If you’re like me and have not had much exposure to pregnant women, you have probably also never heard of Braxton Hicks contractions. In fact, I hadn’t heard about them until I read a friend’s blog about 3 weeks before they started for me (in Week 27 of my pregnancy). So what are Braxton Hicks contractions and for that matter, who the heck is Braxton Hicks?

After some research, I’m sorry to report that Mr. Hicks’ first name was actually not Braxton, it was John… as in John Braxton Hicks. Though according to Baby Name Wizard (see previous post for details on my love affair with that website), the name Braxton sprung into Firstnameland in the 1970s and has risen steadily to rank 171st in the US in 2010. I’m sure his parents would have been proud, as would he, but since his research was performed in the 1870s, it is highly unlikely that he was around to witness his name make it into the first name club.

According to the Mayo Clinic, Braxton Hicks contractions are your body’s way of “warming up” for the big day.

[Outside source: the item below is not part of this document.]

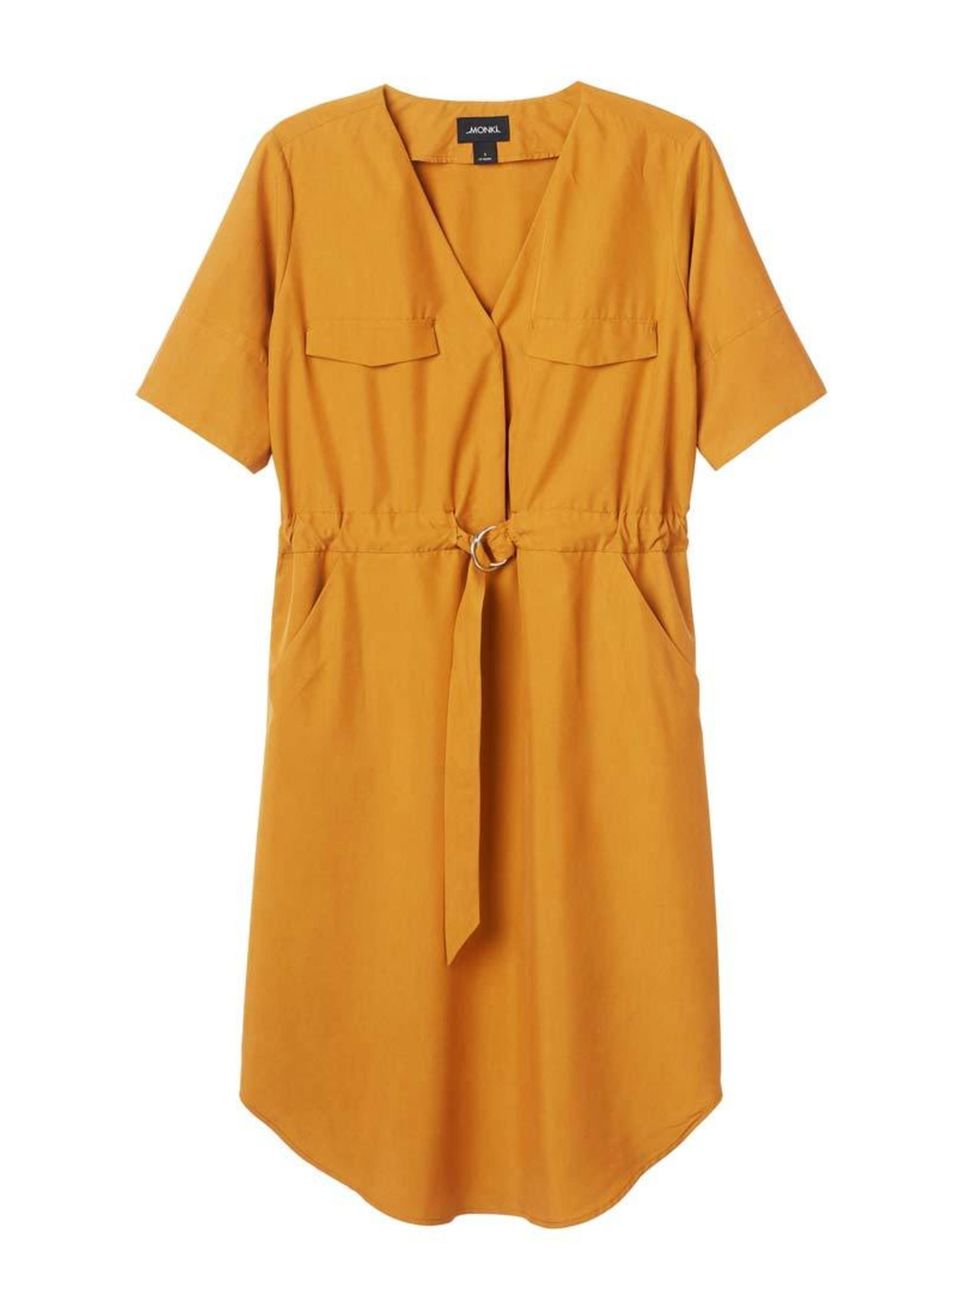 <p>A utilitarian style in an unexpected bright, as worn by Acting Features Assistant Maybelle Morgan.</p>

<p><a href="http://www.monki.com/View_all_new/Belen_dress/8668818-9336804.1#c-49930" target="_blank">Monki</a> dress, £35</p>

They are occasional, weak (though sometimes less on the weak side) contractions of the uterus which materialize in a tightening feeling in the abdomen for a minute or two at a time. In my case, they made my stomach really hard for a minute or so, then there was a release feeling like after you tense up a muscle and let go. I wouldn’t call them comfortable per se, but I also wouldn’t call them painful. Simply shifting positions is supposed to help if you are uncomfortable and upping your fluids is supposed to reduce the number of Braxton Hicks contractions you have. Mine seemed to arrive in swarms where I’d feel 3-5 during a several hour period, then I wouldn’t feel them again for several days. If they become frequent or regular, call your doctor because you might be in actual labour, not “false labour” which is another term for Braxton Hicks contractions.